Künstliche Kreativität wirkt kontraproduktiv


So lange man also kaum versteht, was man tut, sollte man von Selbstversuchen die Finger lassen. Eine künstliche angefachte Kreativität wäre bei manchen Aufgaben auch geradezu kontraproduktiv – wenn es etwa darum geht, schnell und präzise zu reagieren und Erlerntes abzurufen. Ohnehin kann man bereits andere Methoden, um Kreativität zu fördern.

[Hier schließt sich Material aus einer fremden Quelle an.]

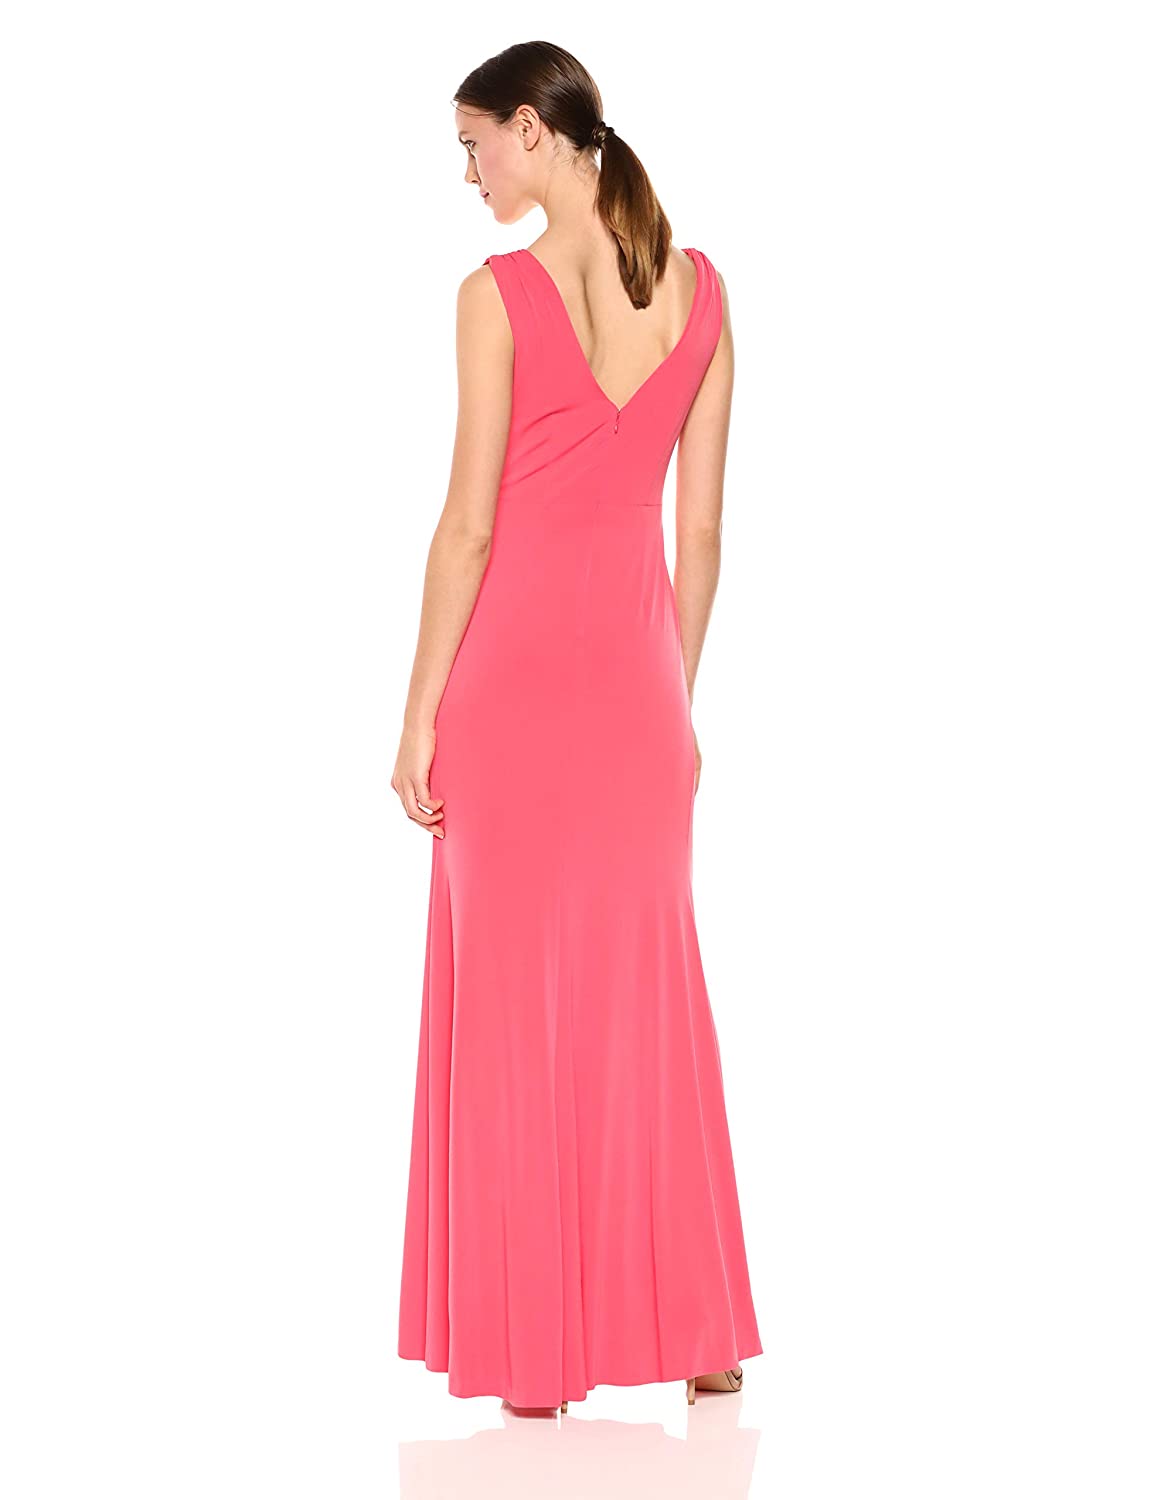 Calvin Klein Womens Sleeveless V Neck With Twist Knot Front Gown

Wichtig ist, sich nicht unter Druck zu setzen und nicht verbissen über ein Problem nachzudenken. Wenn Luft etwa ihren Studenten die Aufgabe stellt, sich eine neue Methode zur Messung von Kreativität auszudenken, dann fällt denen aus lauter Angst vor schlechten Noten nichts ein. „Die Gesellschaft bestraft Fehler, das hemmt die Kreativität“, sagt die Psychologin. Wenn Menschen sich dagegen erst einmal ablenken und entspannen, dann kommen ihnen eher gute Einfälle. Bei psychologischen Tests können das wahlweise Computerspiele oder auch ein Spaziergang an der frischen Luft sein – entscheidend ist vor allem, was einen am besten in eine gelöste, positive Stimmung versetzt.


Sich um Kreativität zu bemühen, das lohnt auch auf jeden Fall, auch wenn man dabei keine bahnbrechende Entdeckung macht. Denn selbst durch das Lösen der Worträtsel, so hat der Wiener Neurowissenschaftler Martin Tik in diesem Jahr gezeigt, wird im Belohnungssystem des Gehirns Dopamin ausgeschüttet – so wie sonst beim Sex, beim Essen oder beim Glücksspiel. Ganz offensichtlich hat die Evolution den Menschen mit einer gewissen Experimentierfreude ausgestattet – mit der Sehnsucht, Wände einzureißen und die alten Pfade zu verlassen.